The Prayer of Manasseh

  1. O LORD Almighty, the God of our fathers Abraham and Isaac and Jacob and of their righteous seed;
  2. that hast made the heaven and the earth with all their adornment;
  3. that hast bound the sea with the word of thy commandment; that hast closed the abyss and sealed it with thy fearful and glorious name;
  4. whom all things revere and tremble before the face of thy power,
  5. because the magnificence of thy glory is unendurable and irresistible the wrath of thy threatening against sinners:
  6. the mercy of thy promise is both immeasurable and inscrutable;
  7. for thou art the Lord most high, compassionate, longsuffering, and most merciful, repenting of the evils of men. Thou, Lord, according to the abundance of thy goodness, hast proclaimed repentance and forgiveness to those that have sinned against thee, and in the multitude of thy kindnesses thou hast decreed for sinners repentance unto salvation.

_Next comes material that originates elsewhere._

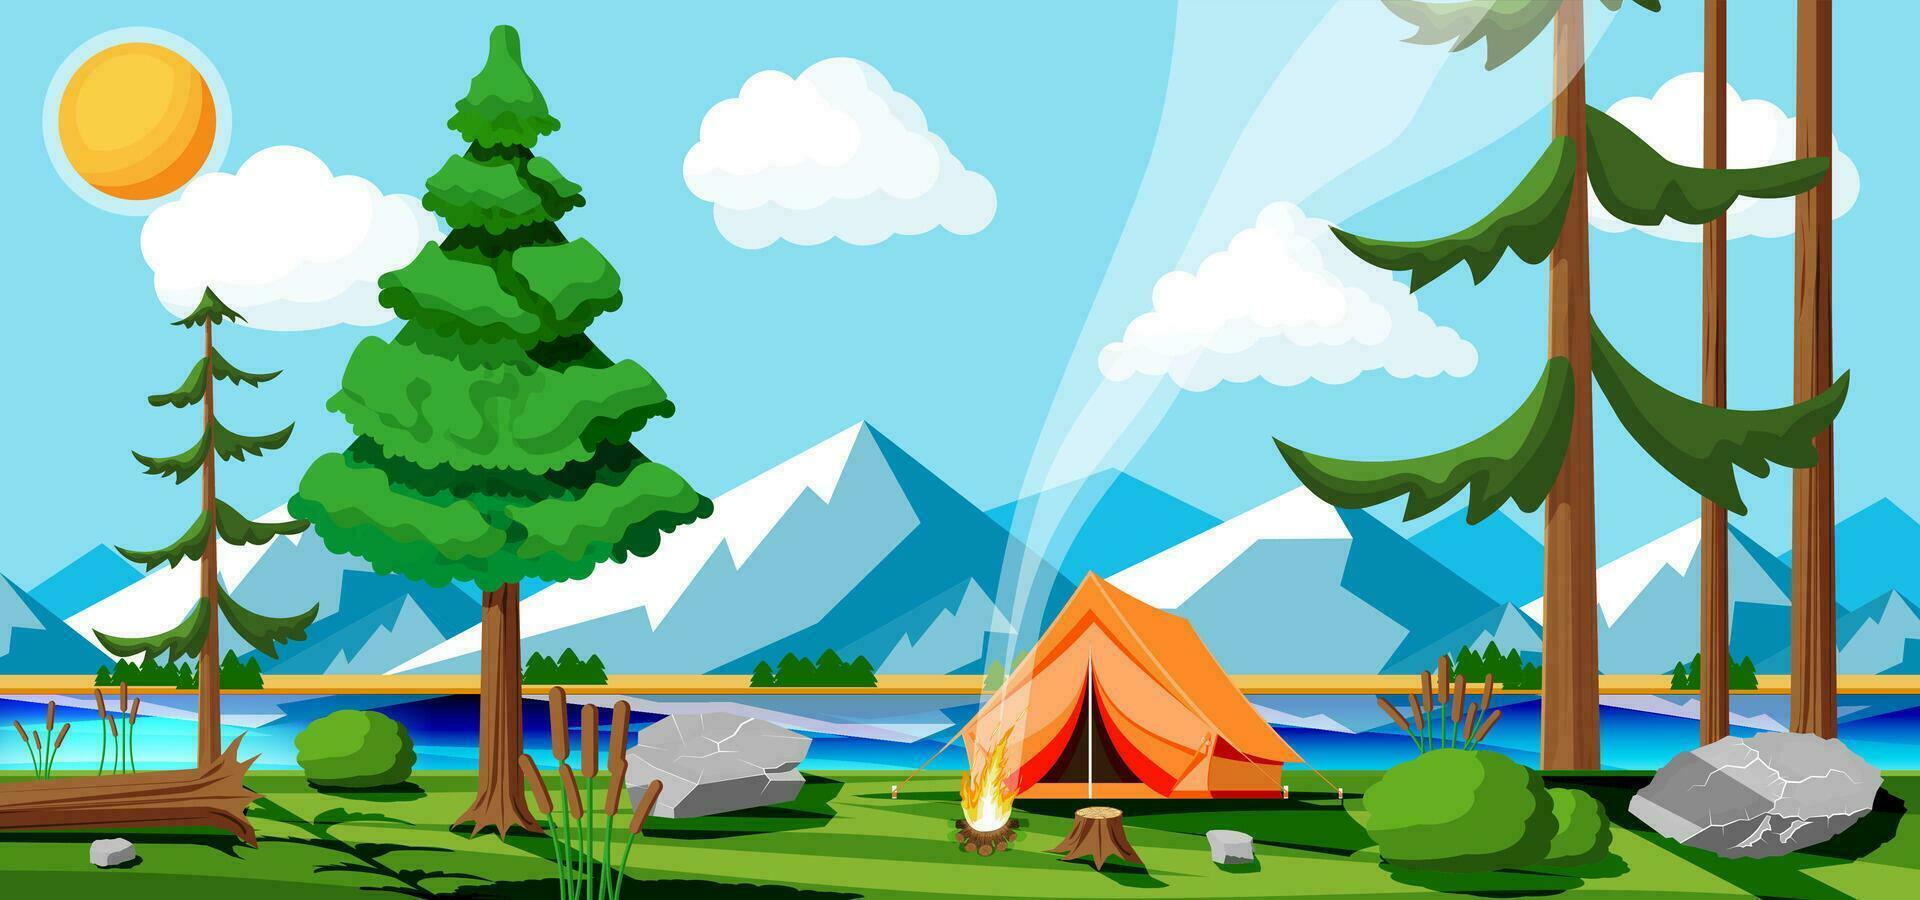 Meadow With Grass And Camping. Tents And Campfire. Summer Landscape Concept. Green Forest And Blue Sky. Countryside Rolling Hills, Lake And Mountains. Trees On The Horizon. Flat Vector Illustration
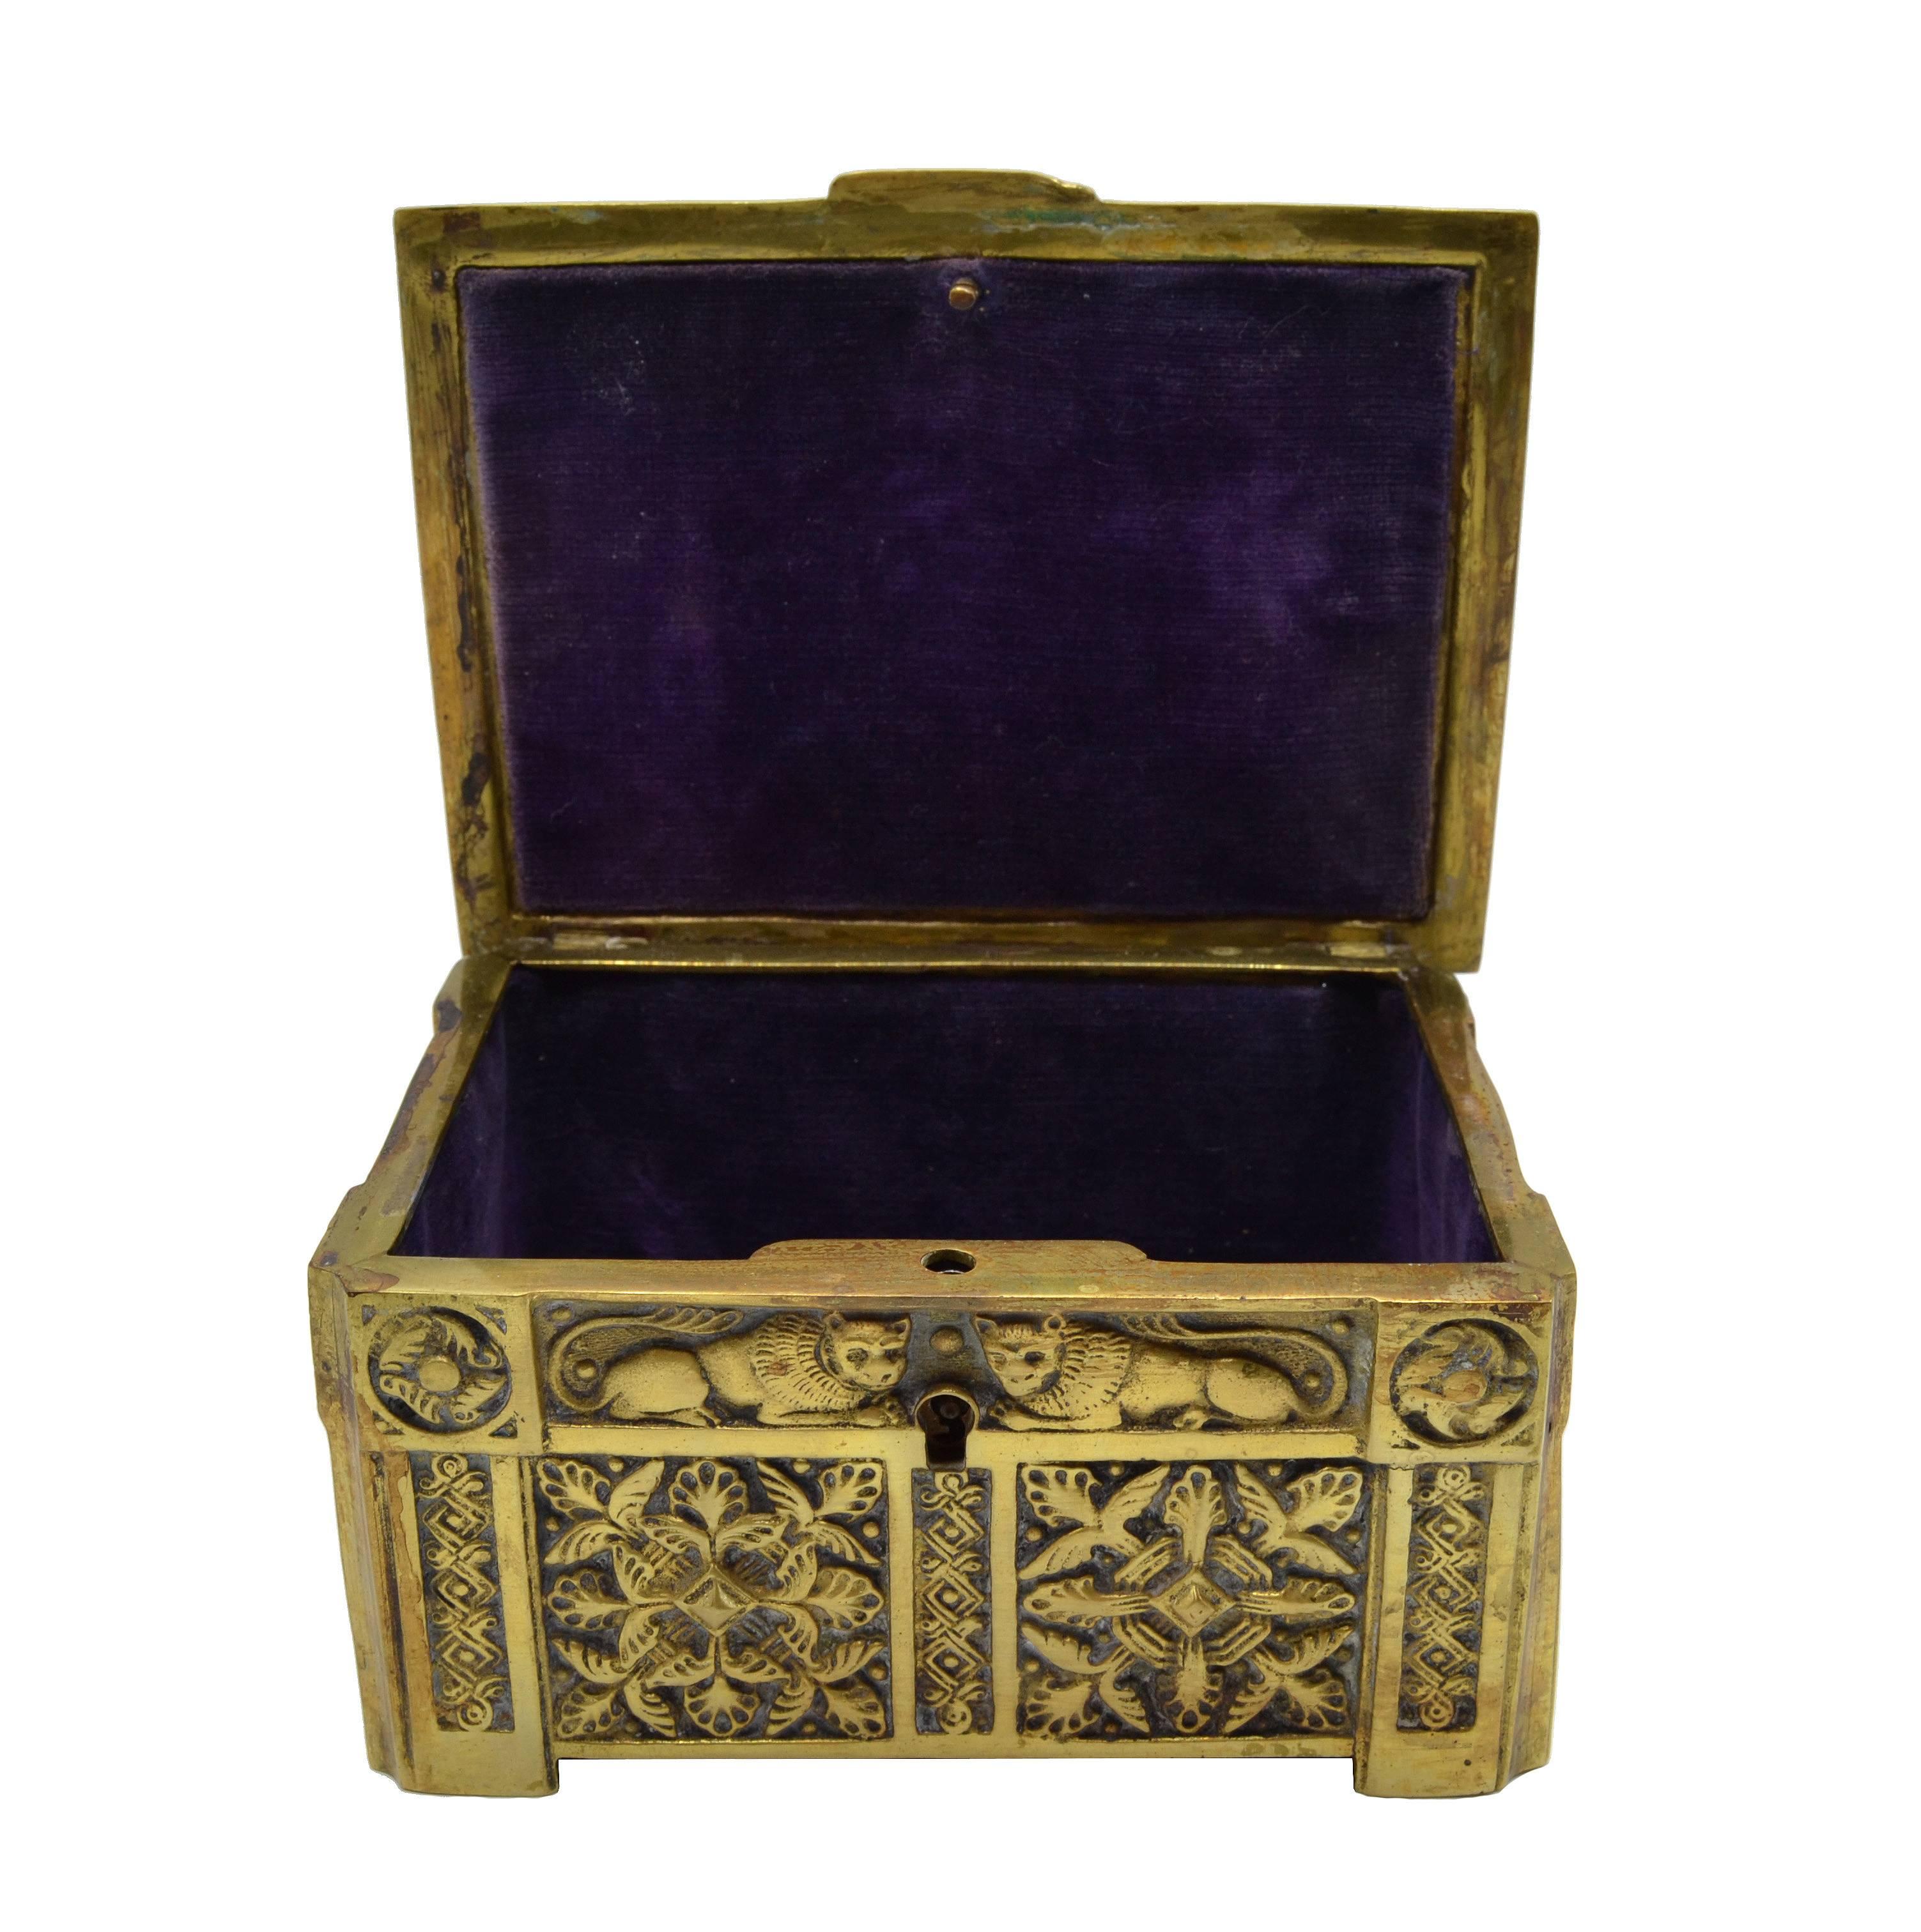 a small bronze box with engravings carried at the waist

  8. Surely thou, O Lord, the God of the just, hast not appointed repentance for the just, for Abraham and Isaac and Jacob who have not sinned against thee; but thou hast appointed repentance for me a sinner:
  9. for I have sinned above the number of the sand of the sea. My transgressions are multiplied, O Lord, they are multiplied, and I am not worthy to look at or see the height of heaven, for the multitude of my iniquities,
  10. being bowed down by many iron bonds, so that I cannot uplift my head, and there is no release for me, because I have provoked thy anger, and have done evil before thee, not doing thy will, nor keeping thy commandments, but setting up abominations and multiplying offences.
  11. And now I bend the knee of my heart, beseeching thy goodness:
  12. I have sinned, Lord, I have sinned, and I acknowledge my transgressions:
  13. but I pray and beseech thee, release me, Lord, release me, and destroy me not with my transgressions; keep not evils for me in anger for ever, nor condemn me to the lowest parts of the earth: because thou art God, the God of the repenting; and in me thou wilt shew all thy benevolence, for that me unworthy thou wilt save, according to thy great mercy:
  14. and I will praise thee continually all the days of my life: for all the hosts of the heavens sings to thee, and thine is the glory for ever and ever. Amen.